Prim wrote: ... I have a hard time envisioning the kind of sustained selective pressure that would produce that effect over time in populations wiith long generation times.
Hm ... I'm not sure I follow this. We do evolve, in spite of our relatively long lifetimes ... For the top predator it's the supply line that matters, so it seems to me that all the selective pressures we've experienced must have taken that form. Anything that kept us midway between critical mass and carrying capacity would be favored in the long run. But I probably misunderstood what you meant.
Just speculating off the top of my head here, because I don't know anything about the biology of sexual preference, but it occurs to me that this might be like the question, "what good is half an eye?" The answer depends on what that half an eye was doing.
It might be that bisexual behavior was originally favored because it reduced intragroup conflict. In all mammals except humans, the females are only available when they're in heat, but selection would favor males that were johnny-on-the-spot whenever the female was ready (that is, synchronizing two cycles would be a relative disadvantage in species with low numbers of offspring), providing that what you did with the testosterone the rest of the time was to make love and not war.

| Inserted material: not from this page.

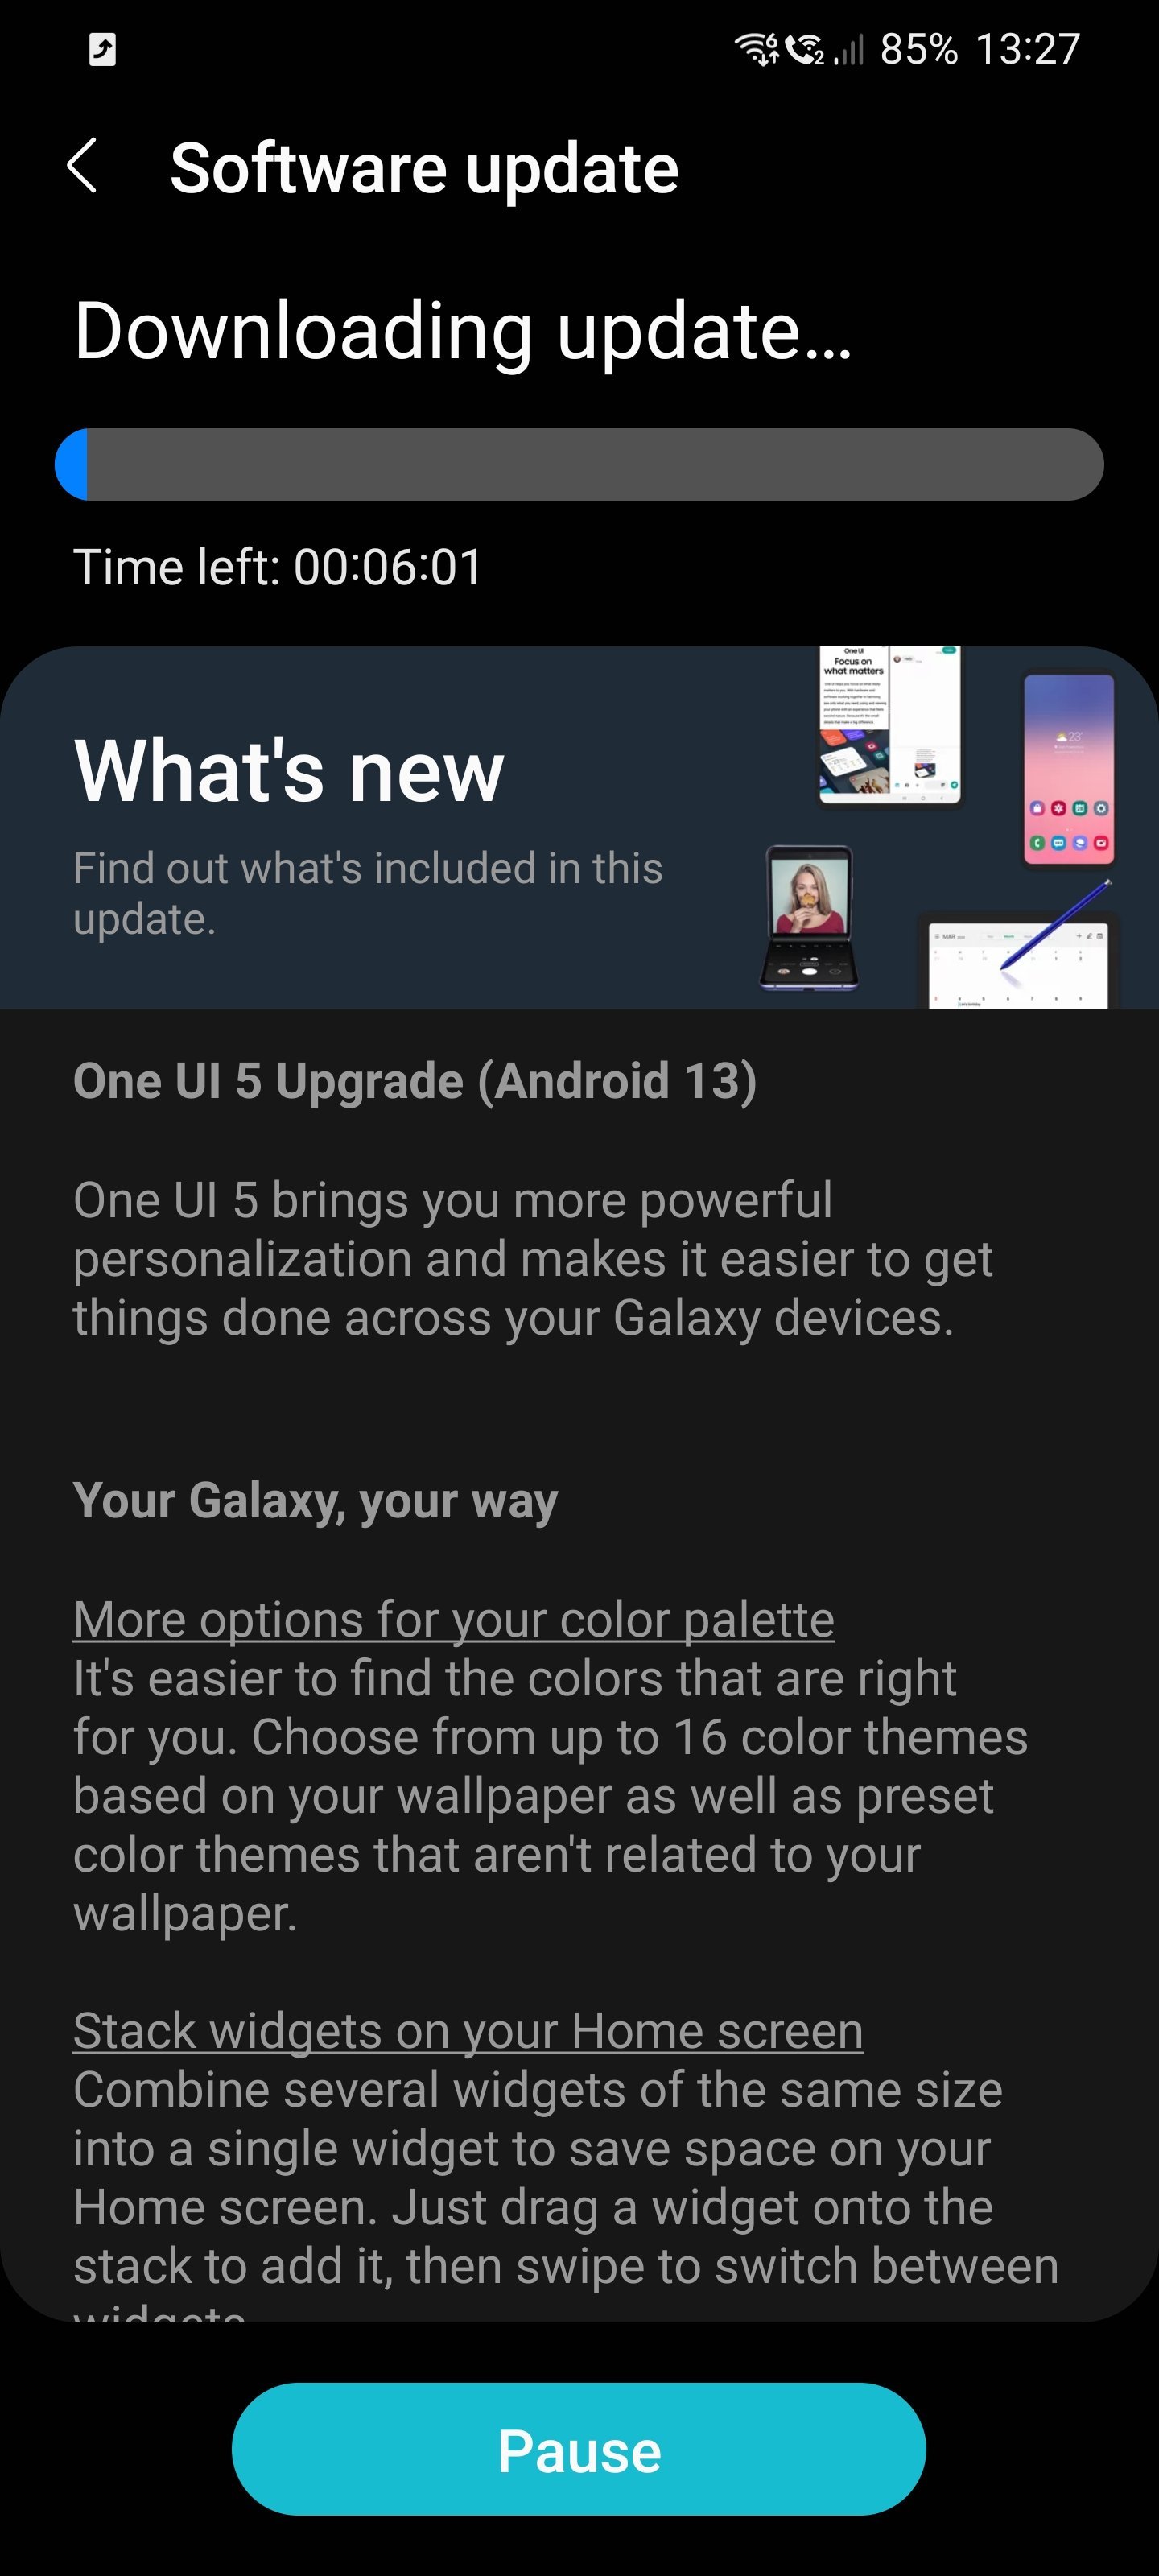 Samsung Galaxy S21 One UI 5.0 Beta Update Changelog 2

Overpopulation might damp the reproductive urge in general via hormonal changes, i.e. non-human females don't come into heat when there is insufficient food, and then male homosexuality is the fallback position. We don't know the basis for sexual attraction really ... it
could be that human females are also less attractive, for reasons not fully understood, when there is resource scarcity. And when the scarcity is severe, as you noted, women become unable to reproduce anyway.
Thing is ... any mechanism that operates primarily to remove males from the reproductive cycle is a weak inhibitor. It would be a lot more effective if female homosexuality were the primary effect ... but then, most of us would benefit from having three arms (I know I would!) and we haven't evolved one of those either.
Or, it could be that female homosexuality did appear as a primary inhibitor at one time and it was
too effective.
Sociologically, female infanticide is the common response to overpopulation. That's effective within one generation, without changing reproductive capacity in the generations beyond.
There was an interesting longitudinal study done at U. Penn on determinants of family size, but I don't have time to tell about it right now 'cos I have to get to school.